Working with NVMe EBS Volumes

If you resize your volume on a Windows system, you need to rescan the volume or reboot the instance for the change to be recognized.

Note

If you are using st1 or sc1 volumes, we recommend that you continue to use C4 instances for now. C5 and M5 currently do not support st1 or sc1 volumes.

I/O Operation Timeout

NVMe EBS volumes use the default NVMe driver provided by the operating system. Most operating systems specify a timeout for I/O operations submitted to NVMe devices.

On Windows systems, the default timeout is 30 seconds and the maximum is 255 seconds. The TimeoutValue disk class registry setting can be modified using the procedure described in Registry Entries for SCSI Miniport Drivers.

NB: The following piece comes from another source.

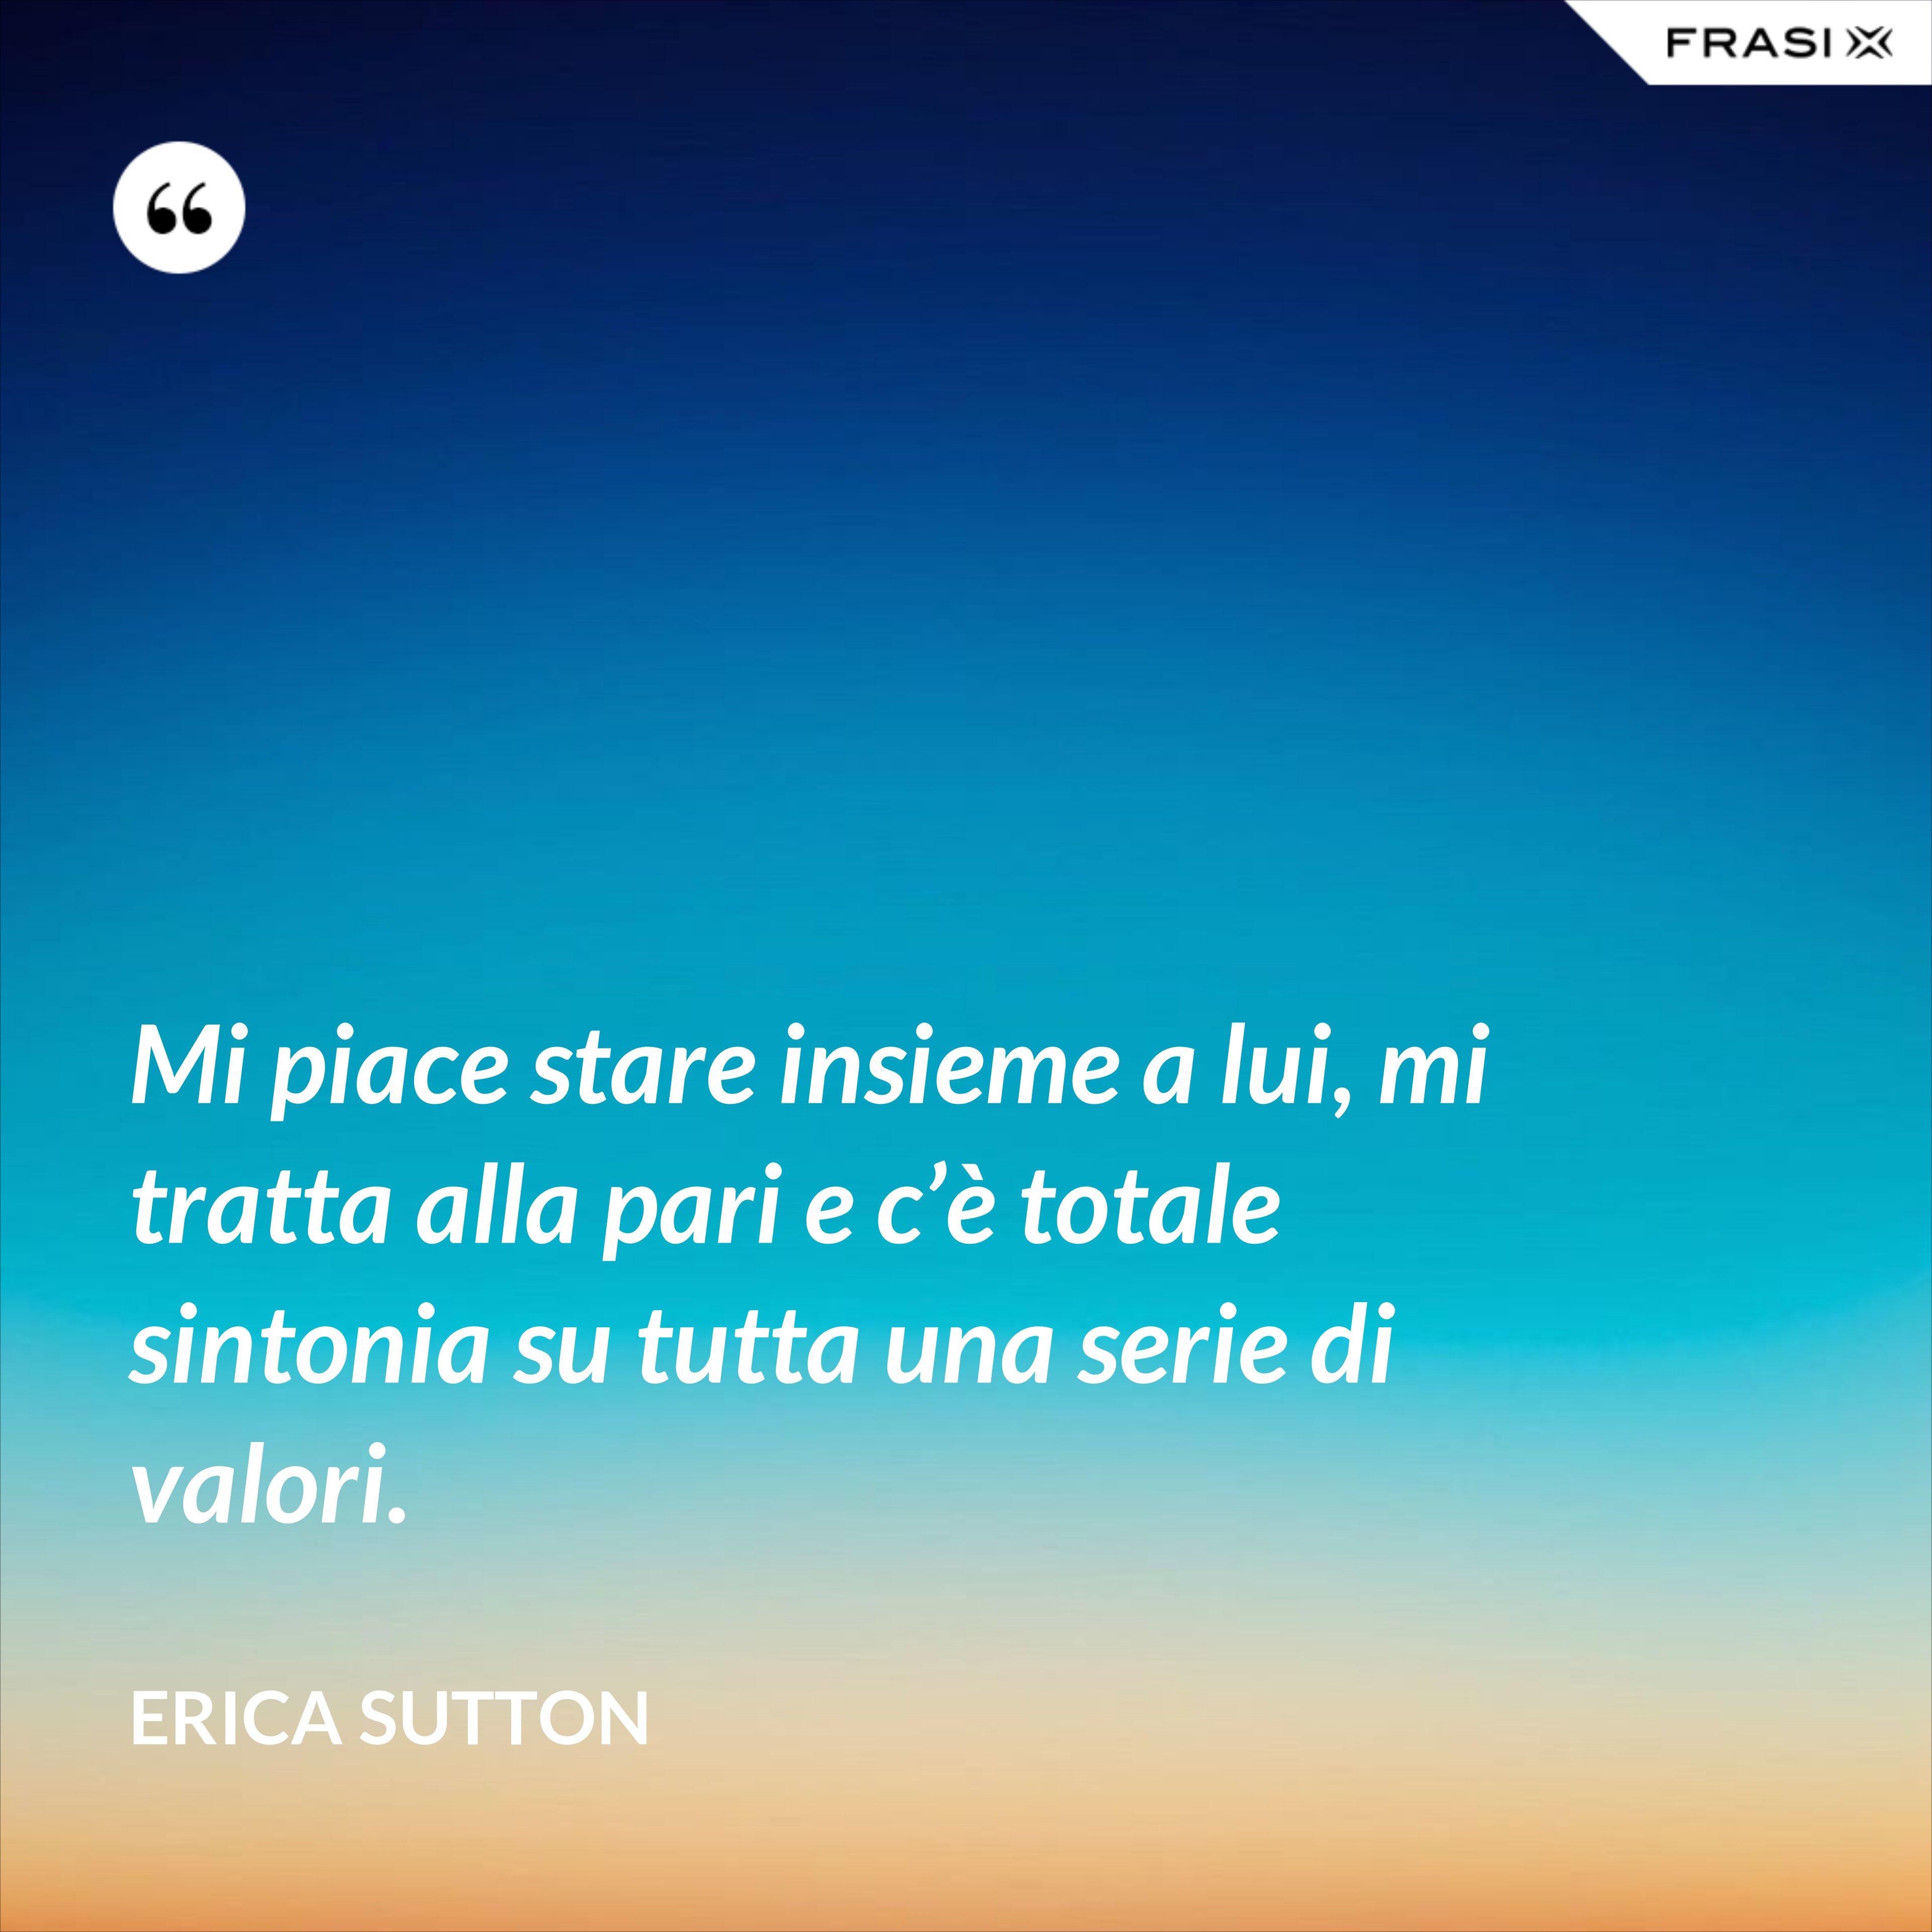 Mi piace stare insieme a lui, mi tratta alla pari e c'è totale sintonia su tutta una serie di valori. - Erica Sutton
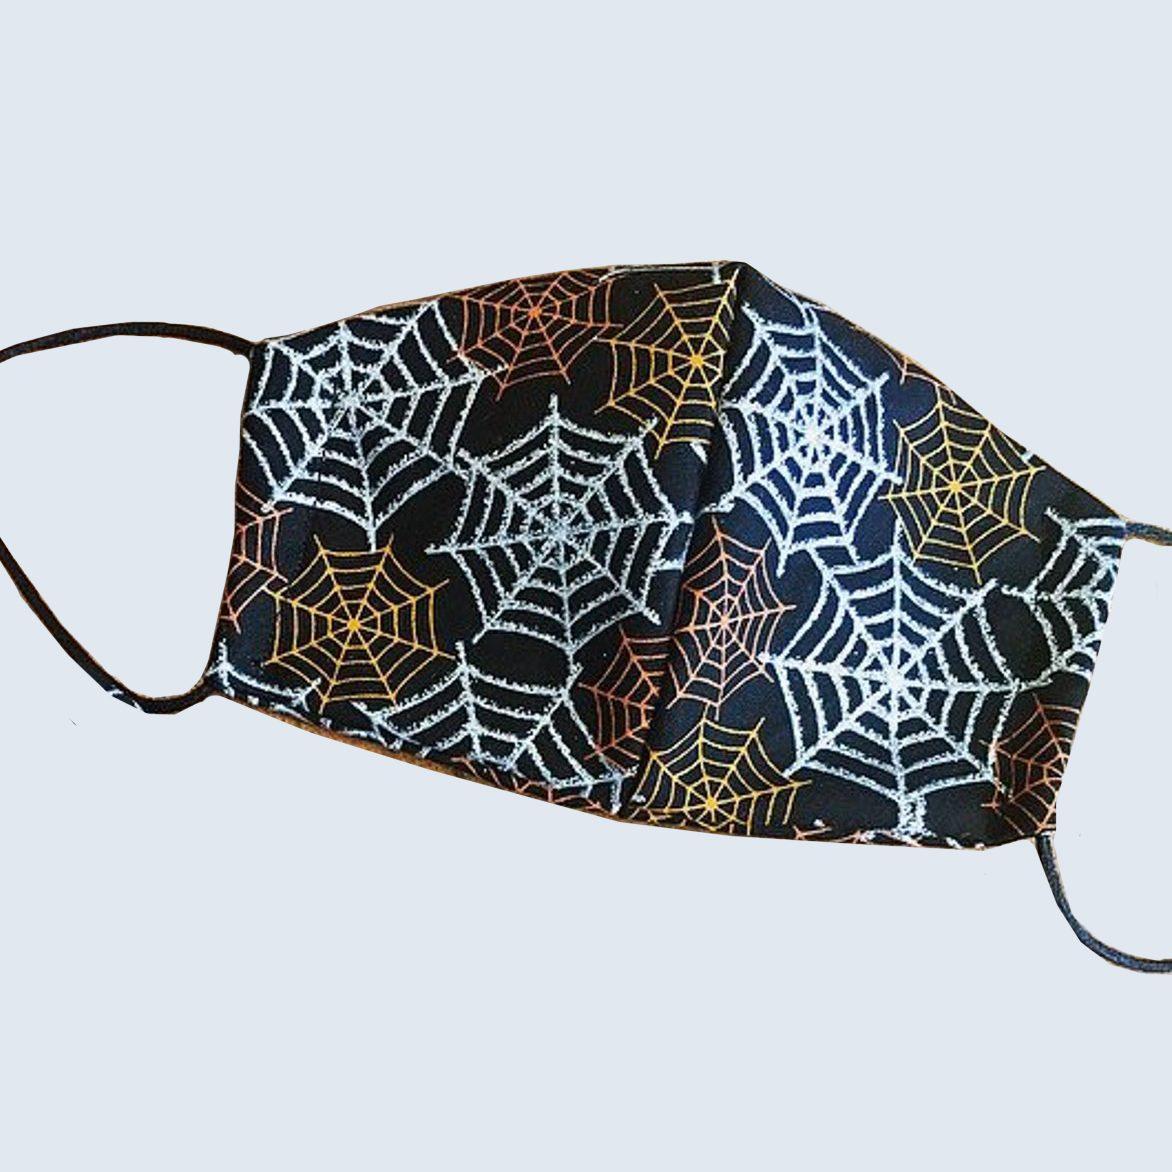 Sparkling spider web mask and scrunchie

On Linux systems, the default timeout is 30 seconds and can be changed using the nvme_core.io_timeout boot parameter. For an experience similar to EBS volumes attached to Xen instances, we recommend setting this to the maximum value possible. For Amazon Linux AMI 2017.09.01 (or greater), and for Linux kernels with version 4.15 or greater, the maximum is 4294967295. Prior to Linux 4.15, the maximum value is 255 seconds. If you are using a current version of the Amazon Linux AMI, we have already increased the timeout.